**Data segment:**

*** Block opens ***

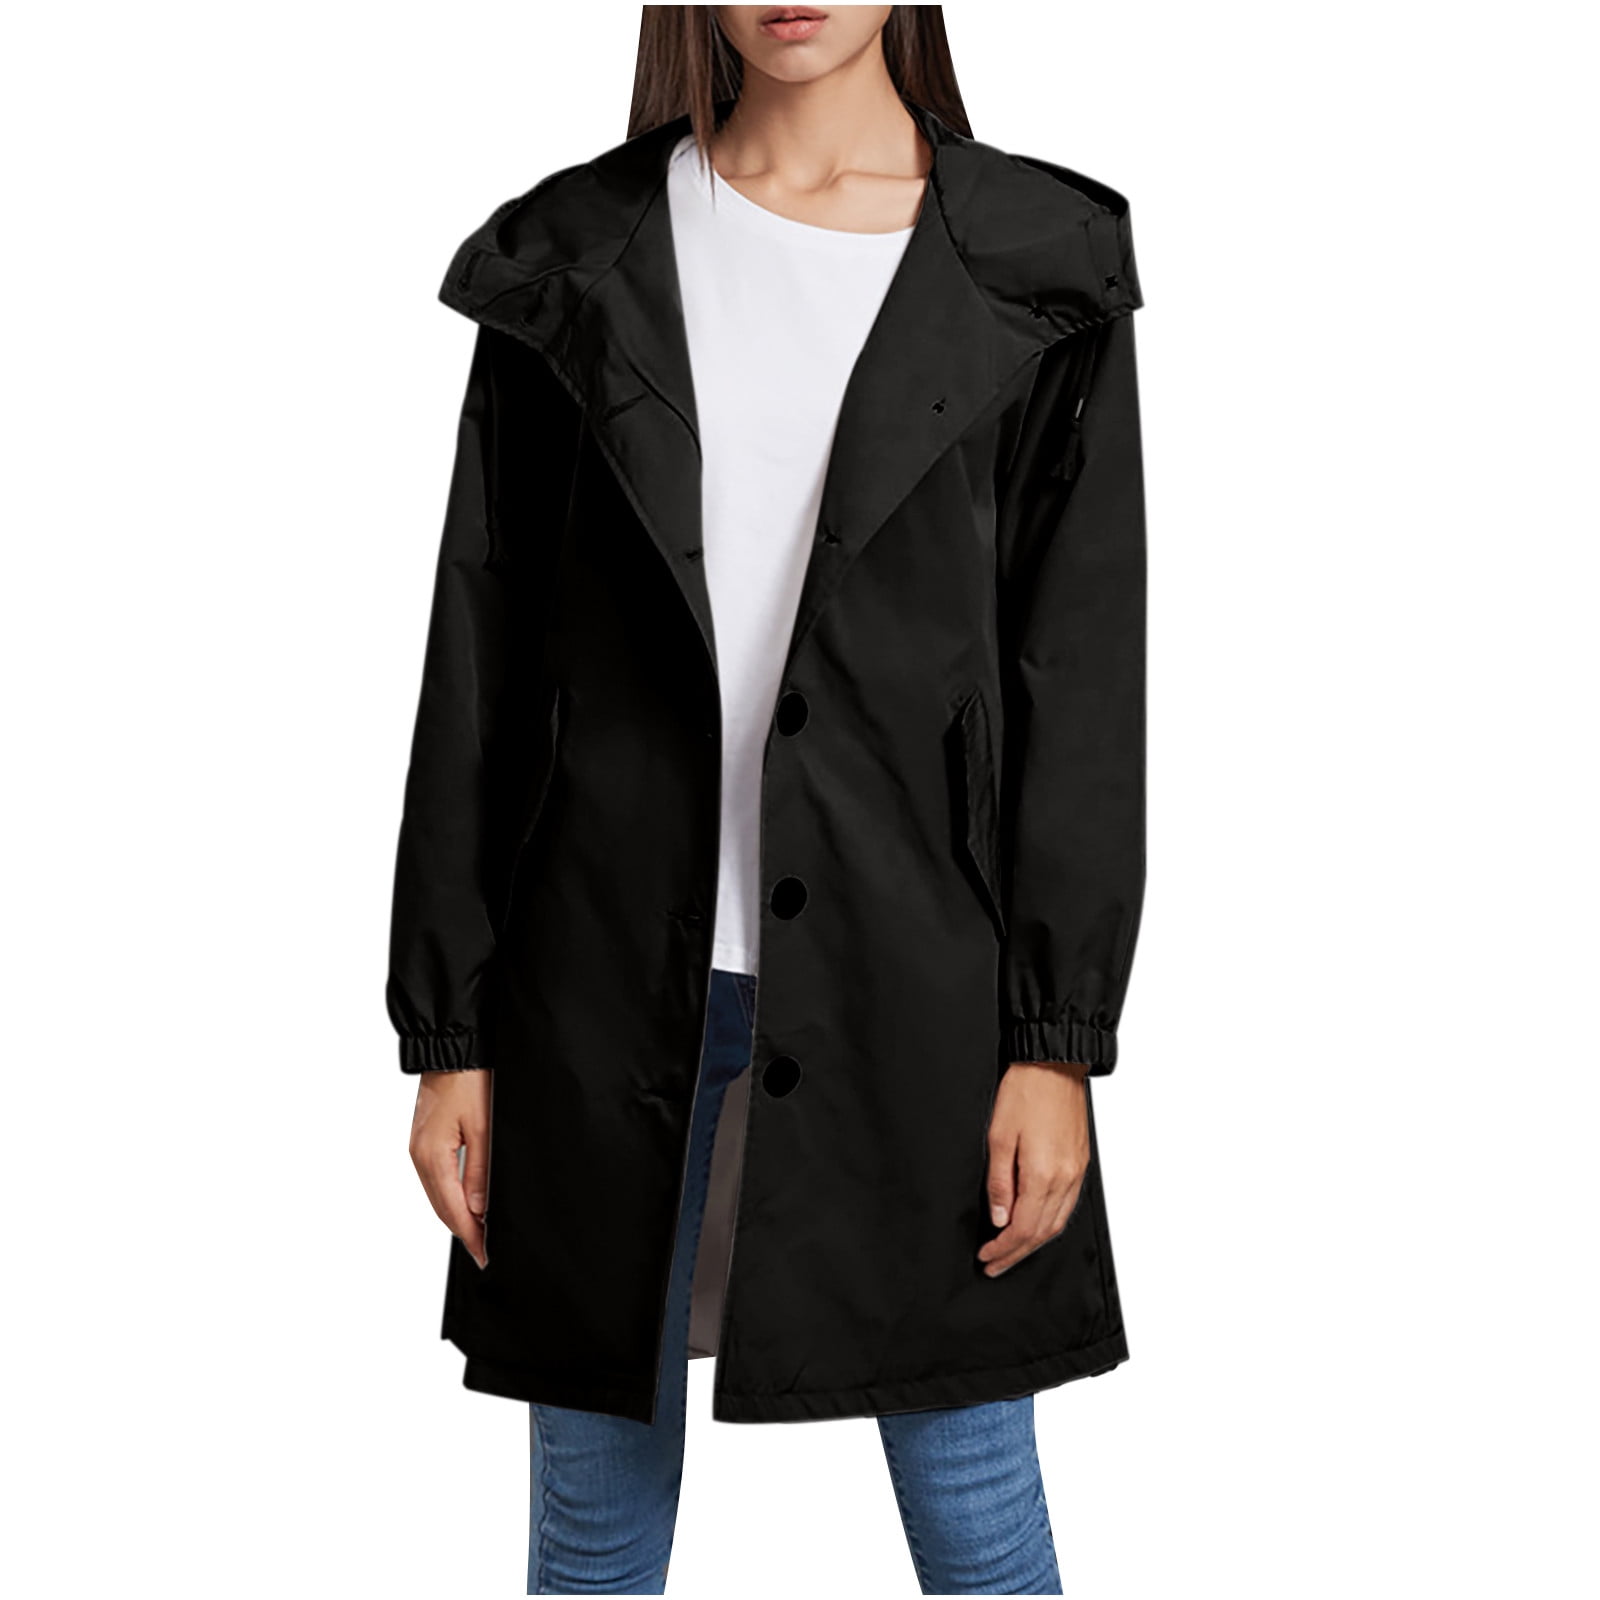 qucoqpe Women's Long Hooded Rain Jacket Outdoor Raincoat Windbreaker on ...
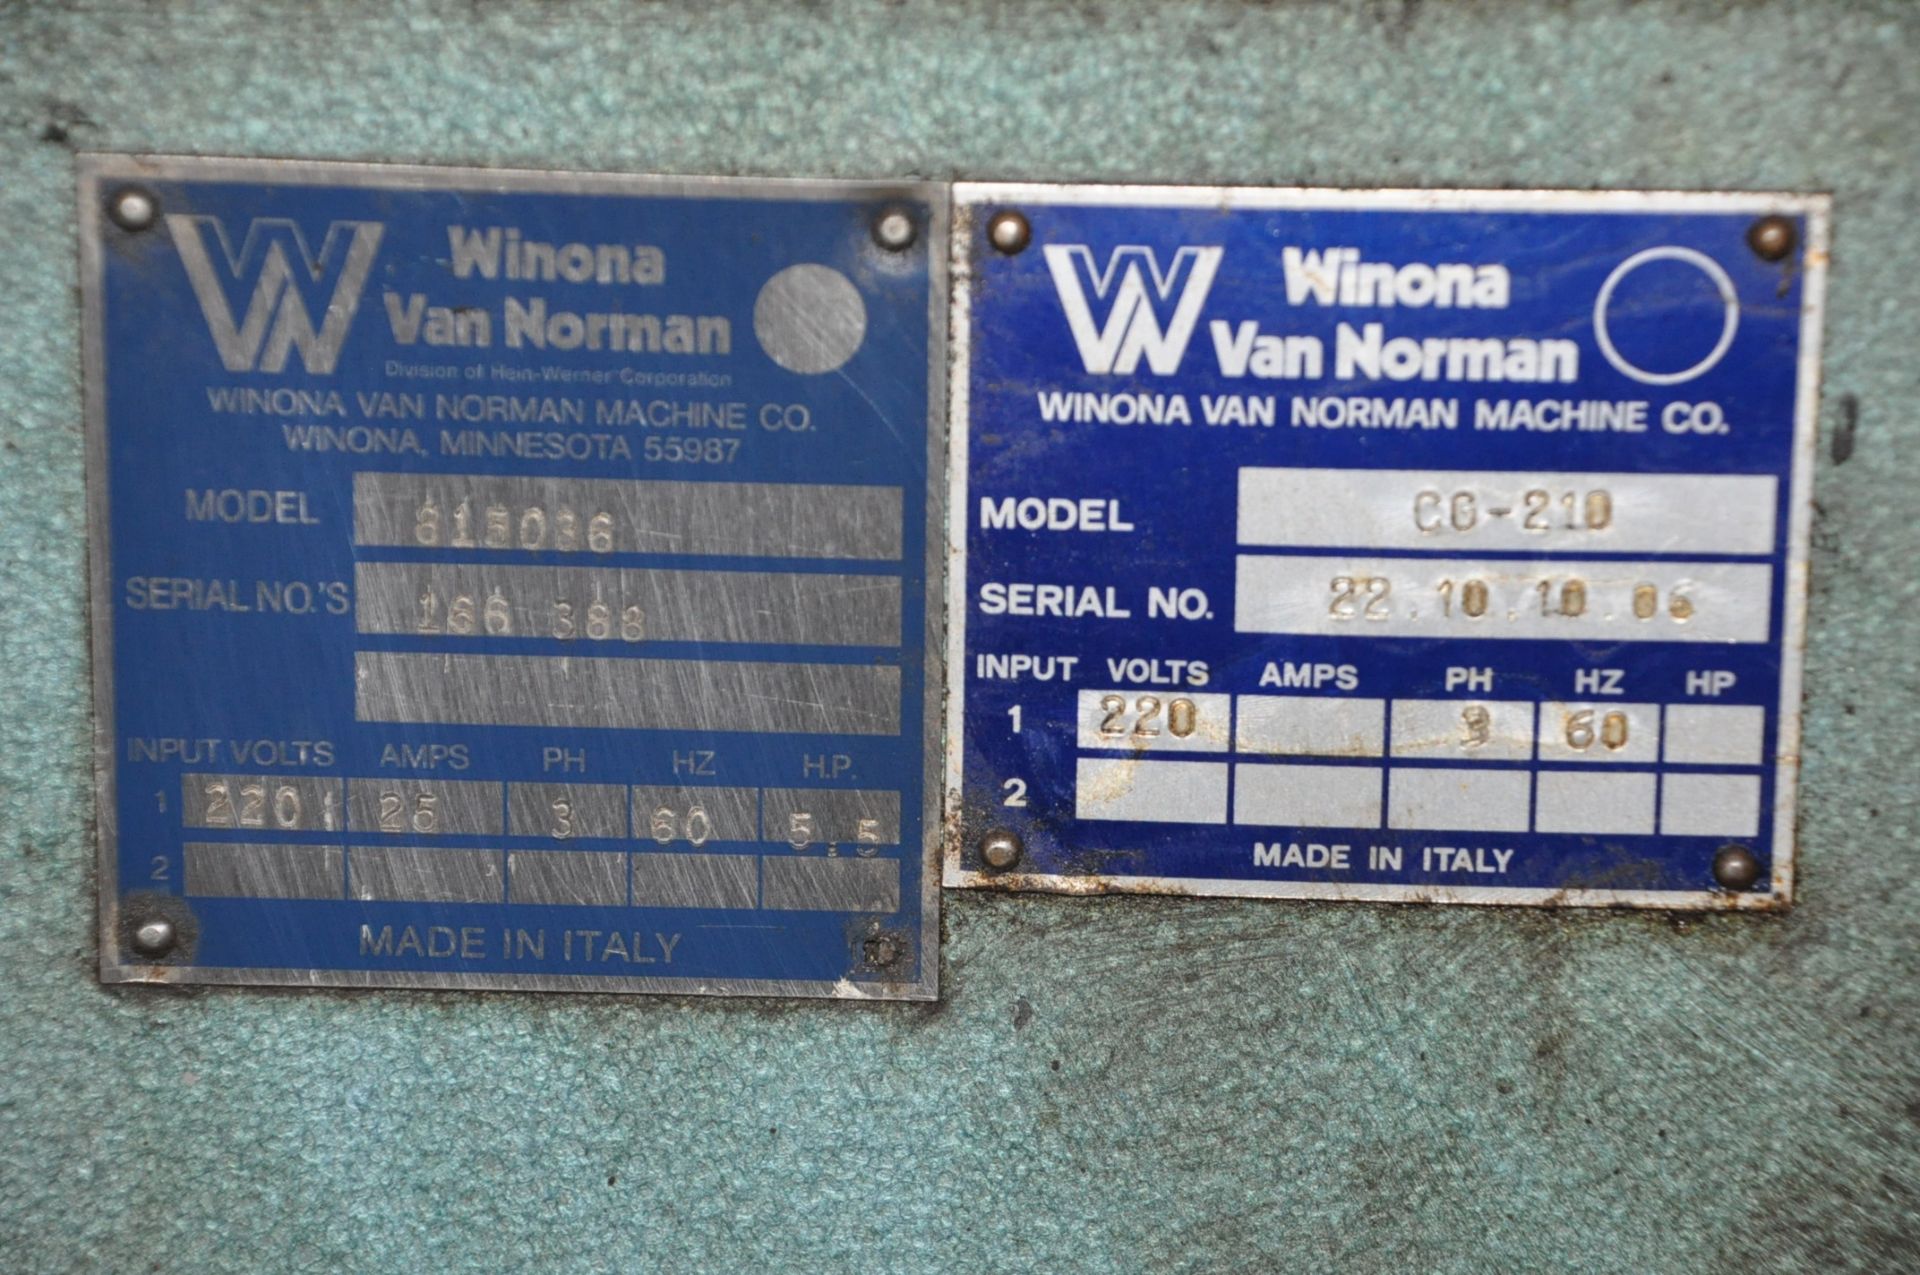 Winona Van Norman Model CG-210, Crankshaft Grinder, S/n 22.10.10.06, Dual Opposed 7" 3-Jaw - Image 10 of 10
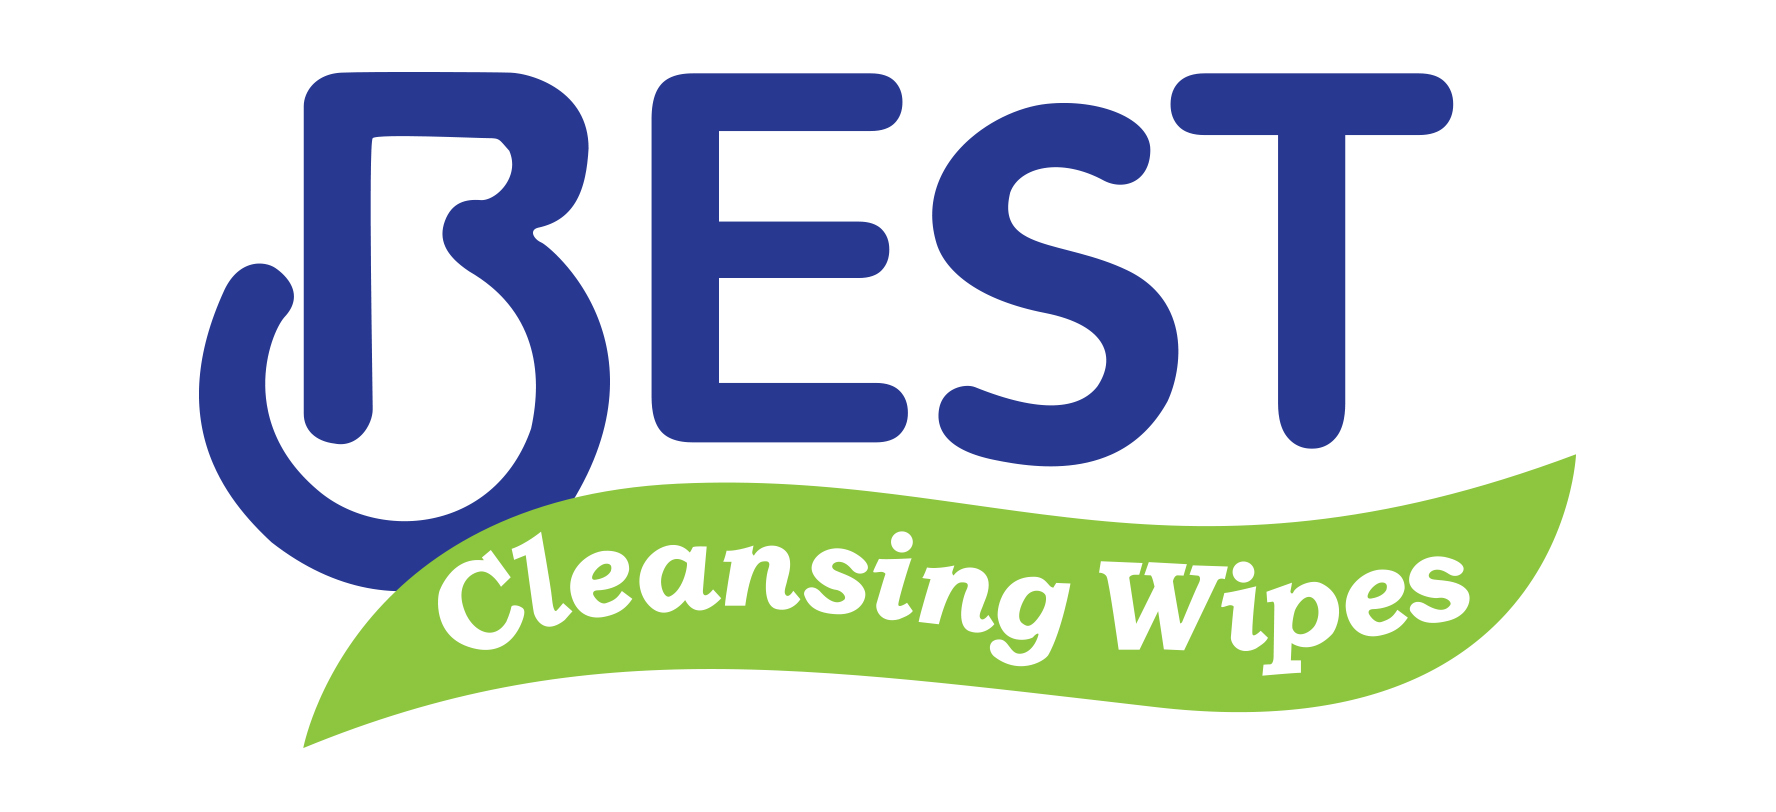 best wipes logo
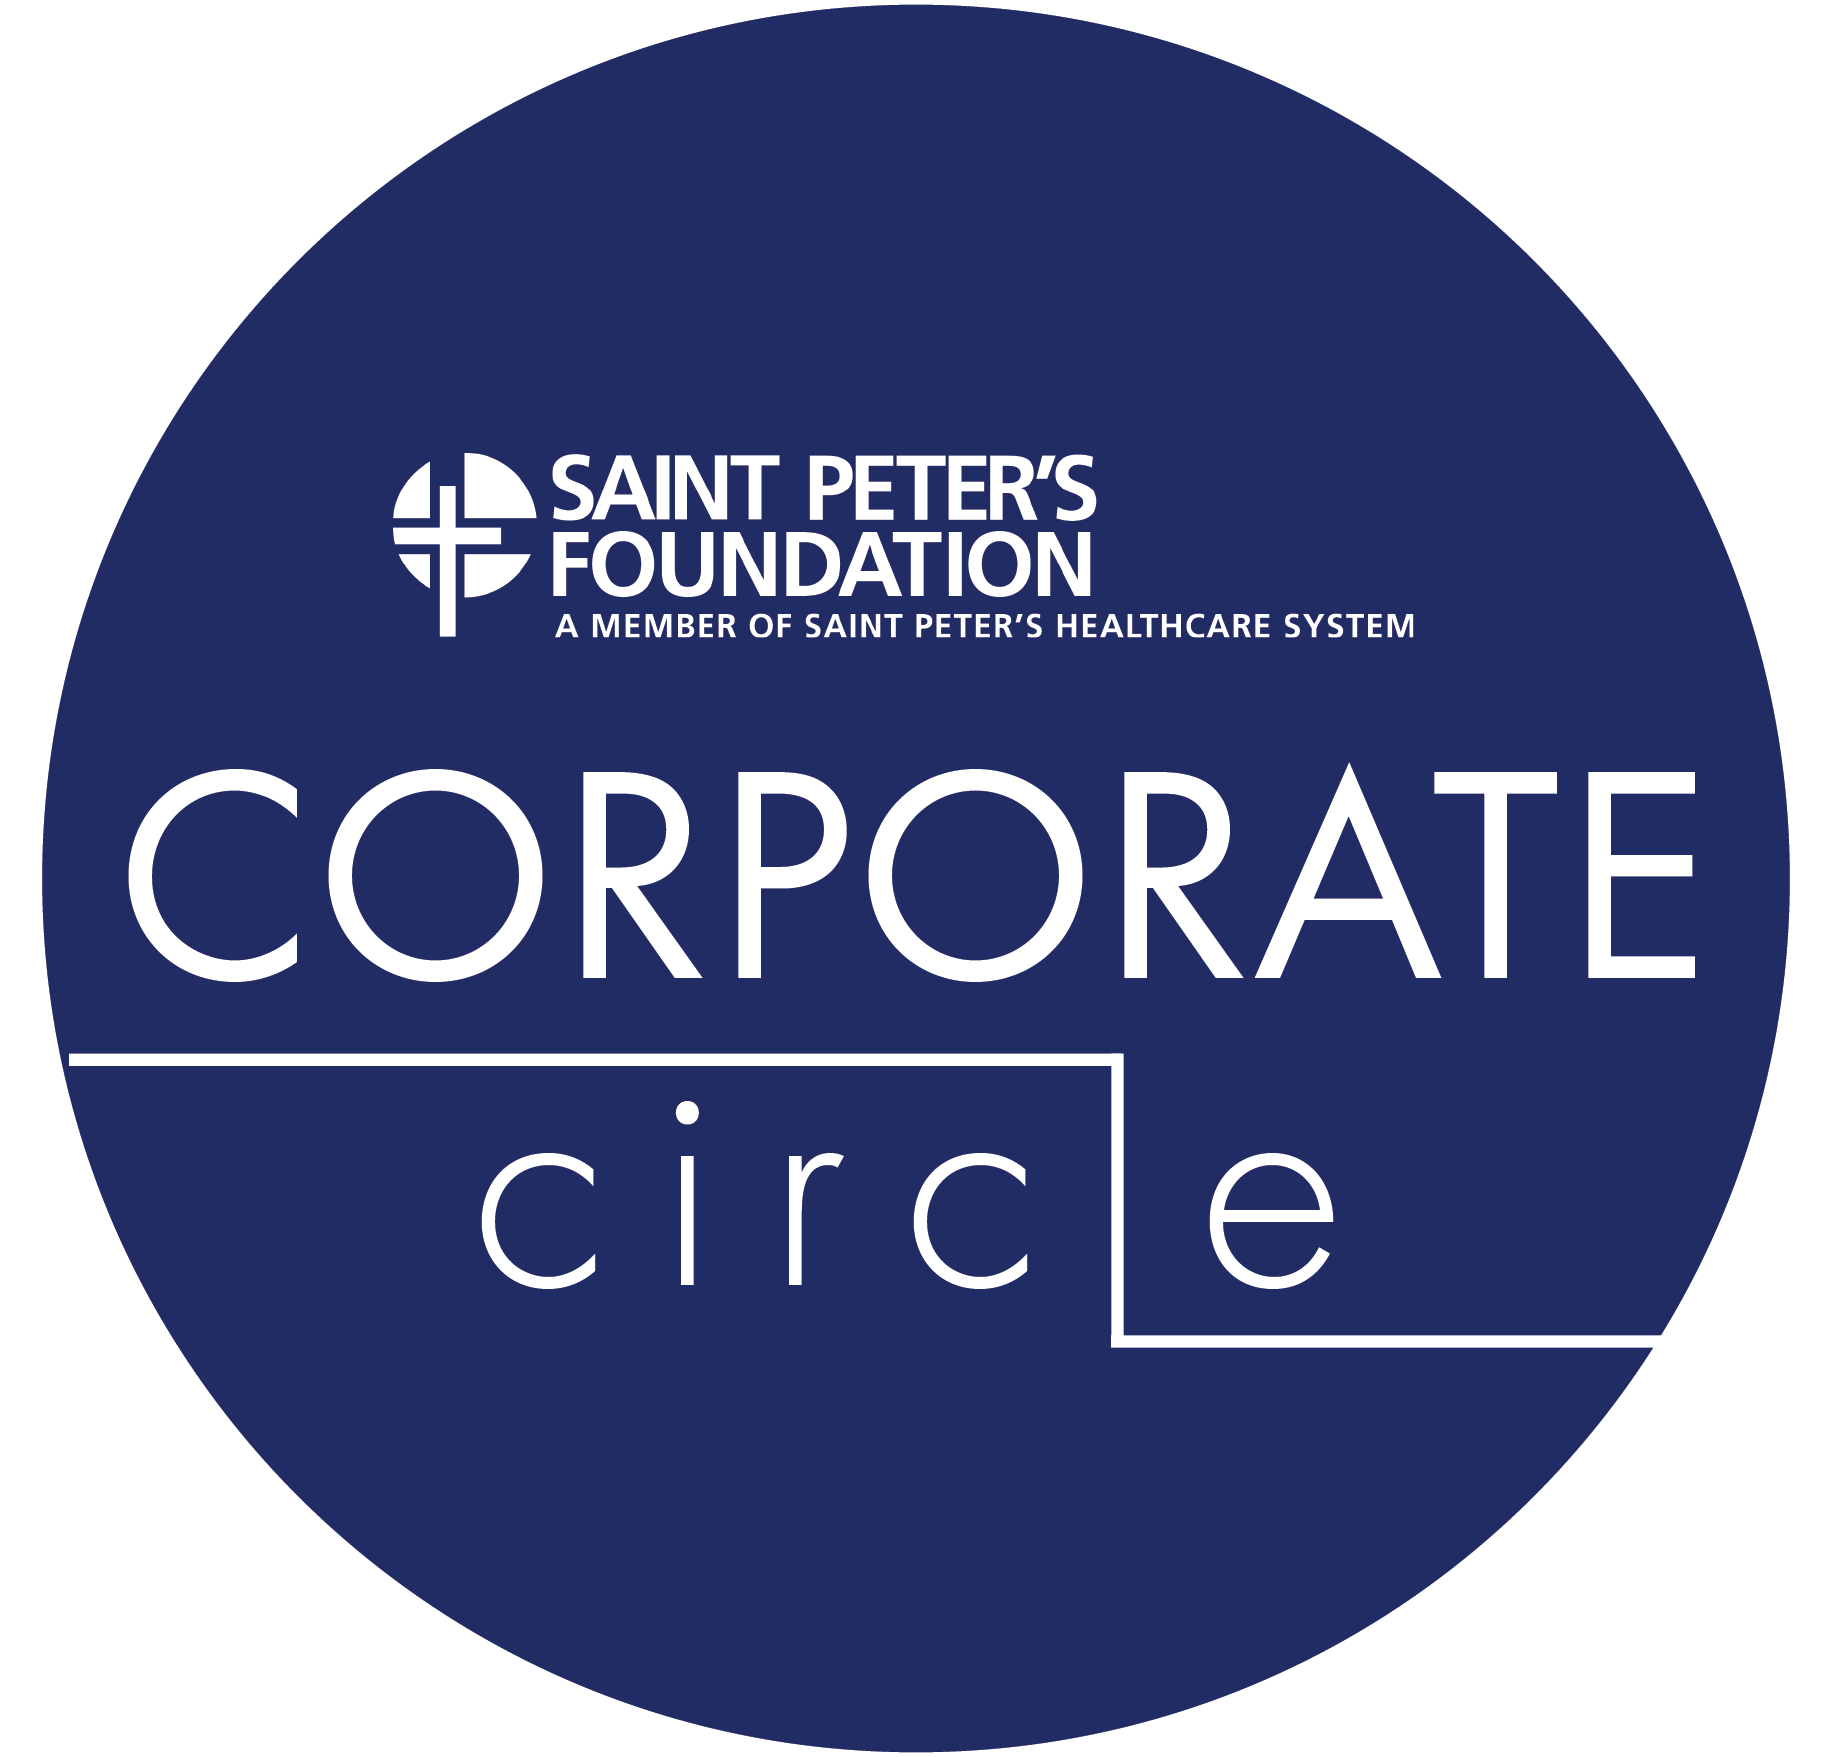 Saint Peter's Foundation Corporate Circle logo

*** Block closes ***

**Exercise details:** Reproduce the listing word for word. Do not carry over the pictures.

**Answer to this exercise:**
 qucoqpe Women's Long Hooded Rain Jacket Outdoor Raincoat Windbreaker on ...
 Winona Van Norman Model CG-210, Crankshaft Grinder, S/n 22.10.10.06, Dual Opposed 7" 3-Jaw - Image 10 of 10
 best wipes logo
 Saint Peter's Foundation Corporate Circle logo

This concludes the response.